Due to the completion of the Stationseiland project and the implementation of the Entree plan, the station has had two indoor bicycle parking station and two station bicycle parking stations around the station since 2023. After moving both car traffic and bus traffic from the station square to the rear of the station, the municipality has further reduced the large number of bicycles parked on the street around the station with the construction of these two large station bicycle parkings at the station, whereby cyclists have to park their bicycles in the sheds and no longer on the street.

The Stationsplein Bicycle Parking, the largest bicycle shed in Amsterdam, opened on 26 January 2023 at Central Station. The bicycle shed is located under the water of the Open Havenfront, between Stationsplein and Prins Hendrikkade. The main entrance is at the Martelaarsgracht. Access to and from the station is via the central metro hall. The bicycle parking has space for 7,000 bicycles.
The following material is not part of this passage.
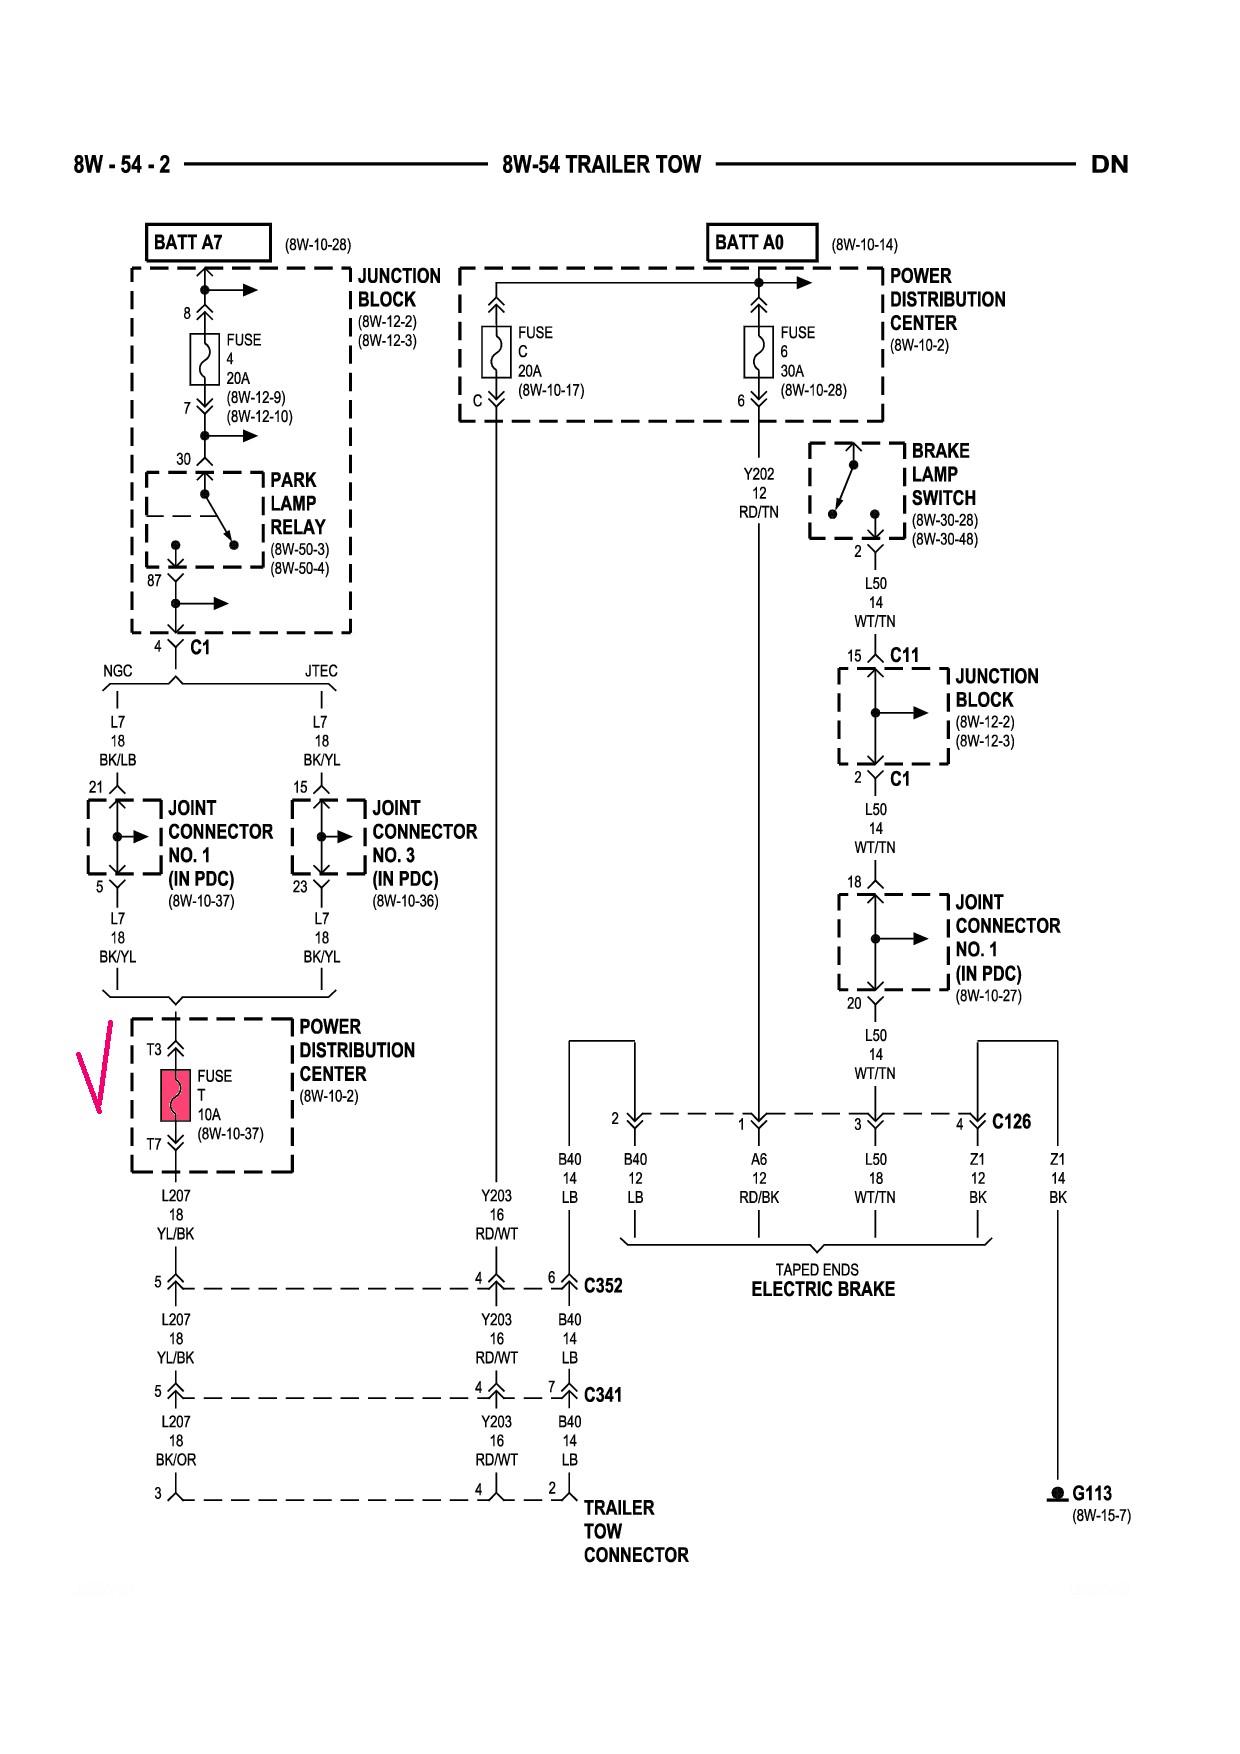 1998 dodge durango infinity stereo wiring diagram stihl br 600 parts free for you 98 engine library rh 30 akszer eu headlight factory radio

There is no space for cargo bikes, fat bikes and scooters.

Construction started in the summer of 2018 and was completed after more than four years. During this period, the water from the Open Havenfront was pumped away and part of the Prins Hendrikkade, with the former Prins Hendrikplantsoen, was excavated. The storage facility was built in the construction pit, after which the water returned. Above the storage facility there are now jetties for tour boats.

On 22 February 2023, the IJboulevard Bicycle Parking was also completed and put into use on the north side of Central Station, which was built in the water of the IJ and will be located under the new IJboulevard along the De Ruijterkade (construction started in March 2021). 4,000 bicycles can be parked here.